The most important element to come from this act was a measurement known as the means test. The means test shows whether a debtor is in sufficient debt to file for liquidation under Chapter 7 by comparing their income to the average income of the state. If it is found that the debtor’s average income exceeds the median state income, they must apply the means test. The means test is applied by subtracting presumed expenses, such as living expenses, healthcare, and education, from the debtor’s average income. Depending on the amount of money leftover, if any, the debt will either qualify for Chapter 7 bankruptcy, or else they must file for Chapter 13 which consolidates their debts instead of wiping them out completely.

Further, if you have had a recent bankruptcy discharge, you will not be able to file again until after a six to eight year waiting period, depending on the type of bankruptcy that you previously filed for.

Case Studies: Insurance Solutions in Chapter 7 Bankruptcy Cases

Case Study 1: Personal Property Insurance for Asset Protection, SecureGuard Insurance

SecureGuard Insurance offers personal property insurance coverage for individuals filing for Chapter 7 bankruptcy to protect their remaining assets. In a case study, a debtor undergoing Chapter 7 bankruptcy had several valuable assets, including artwork, jewelry, and collectibles.

The debtor wanted to ensure that these assets would be protected during the bankruptcy process and sought personal property insurance from SecureGuard Insurance.

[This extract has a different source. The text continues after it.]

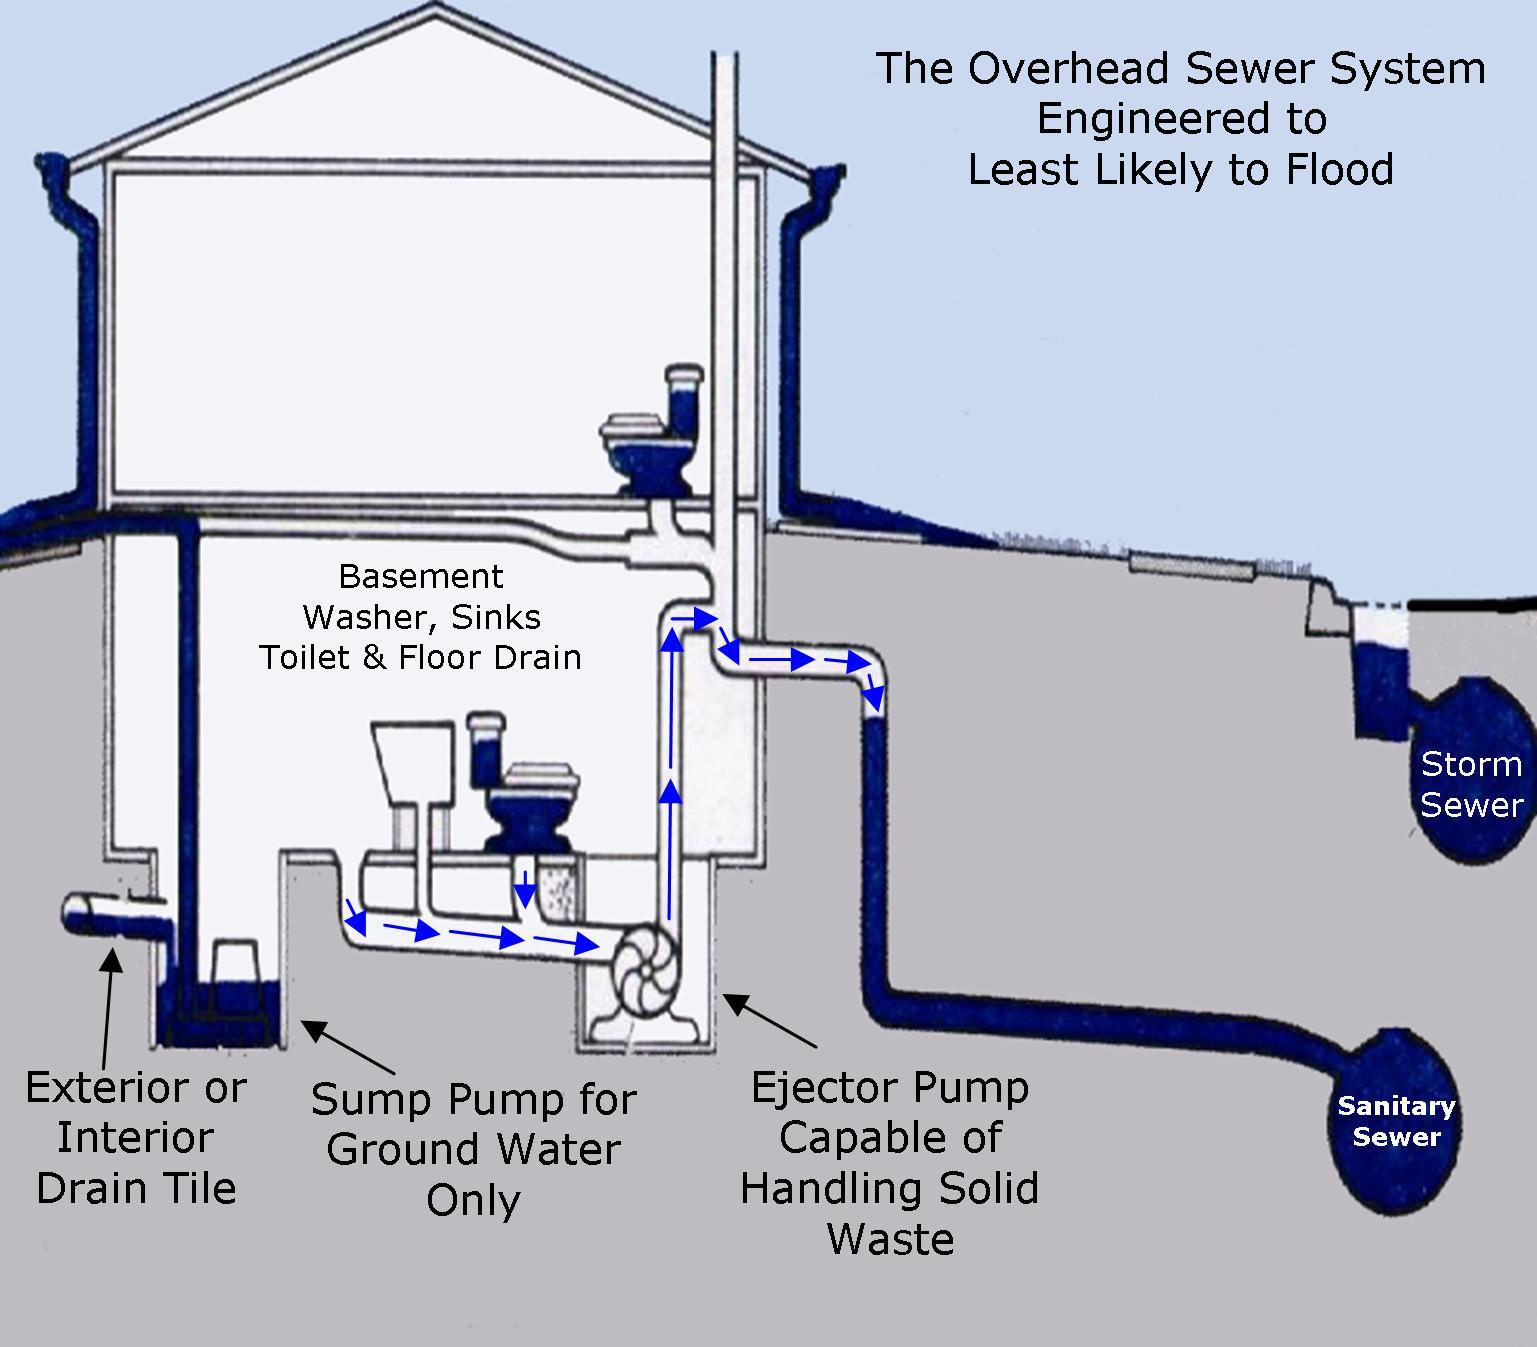 sewerage backup system
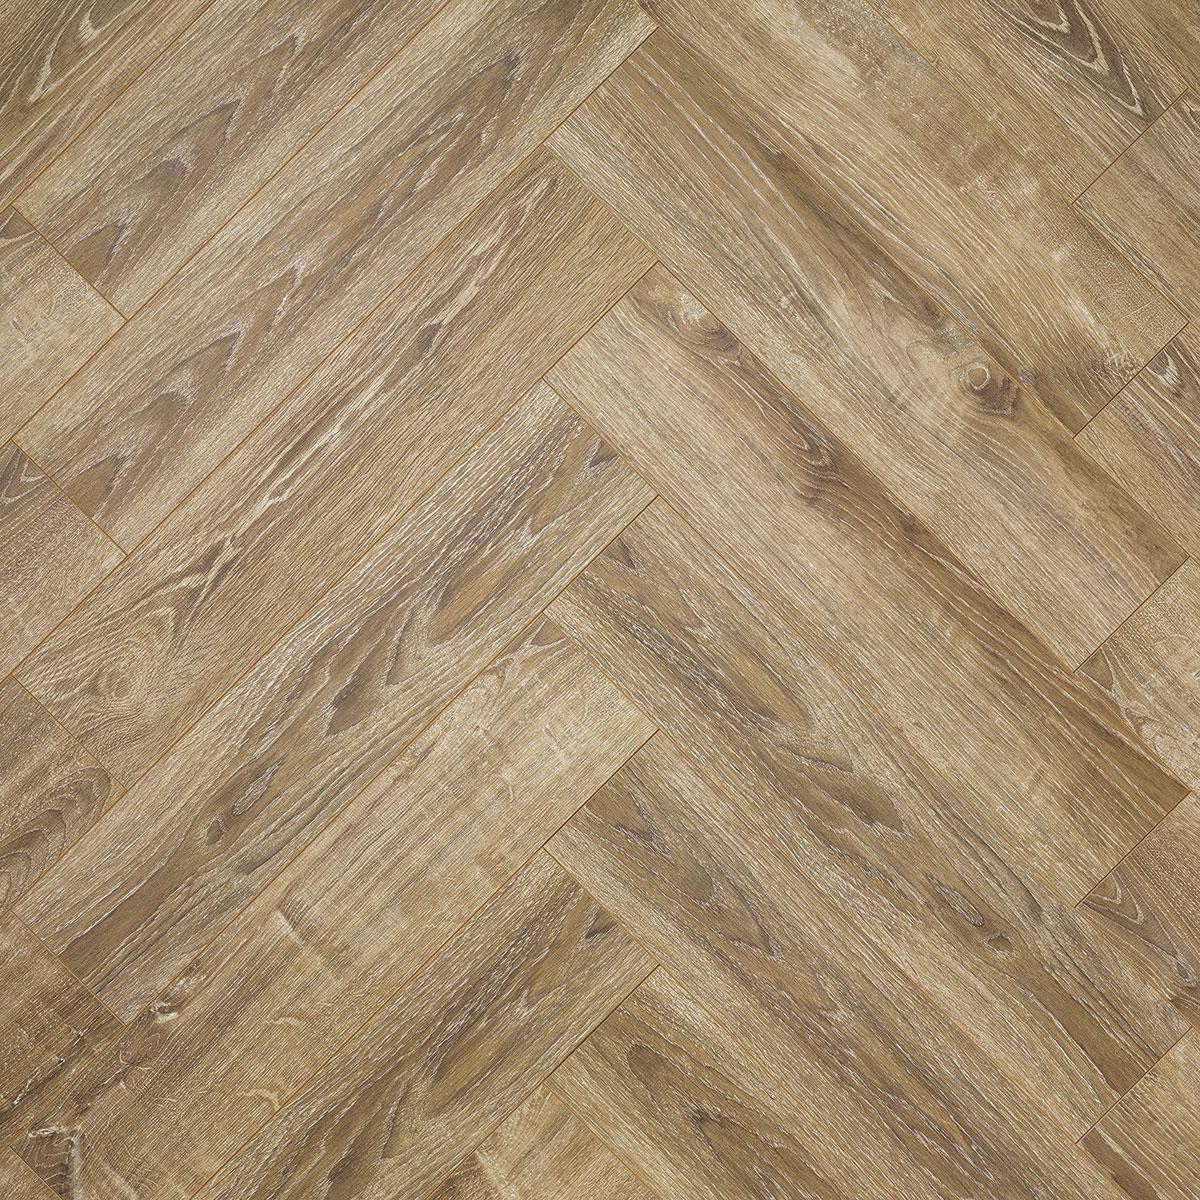 john murphy carpets wood floors alternative commercial. Black Bedroom Furniture Sets. Home Design Ideas

With this coverage, the debtor had peace of mind knowing that their valuable assets were safeguarded against loss, theft, or damage during the liquidation process.

Case Study 2: Debtor-in-Possession (DIP) Insurance for Business Owners, ResilientSure Insurance

ResilientSure Insurance provides Debtor-in-Possession (DIP) insurance coverage for business owners filing for Chapter 7 bankruptcy. In a case study, a small business owner was forced to file for Chapter 7 bankruptcy due to overwhelming debt. The business owner wanted to protect the remaining assets of the company during the liquidation process and sought DIP insurance from ResilientSure Insurance.

With DIP insurance, the business owner had coverage for any potential liabilities that may arise during the bankruptcy proceedings, including legal defense costs, damage claims, or environmental cleanup costs. This insurance provided financial protection and allowed the business owner to navigate the bankruptcy process with greater confidence.

Case Study 3: Credit Insurance for Debt Discharge Protection, SureShield Insurance

SureShield Insurance offers credit insurance coverage for individuals filing for Chapter 7 bankruptcy to protect against unforeseen circumstances that may arise after the debt discharge. In a case study, a debtor successfully completed Chapter 7 bankruptcy and had their debts discharged.

However, a few months later, they faced unexpected medical expenses that put them at risk of falling back into debt. The debtor had obtained credit insurance from SureShield Insurance, which provided coverage for the medical expenses and ensured that they could maintain their fresh start without incurring new debts.

This insurance offered a safety net for post-bankruptcy financial challenges and allowed the debtor to rebuild their financial stability with confidence.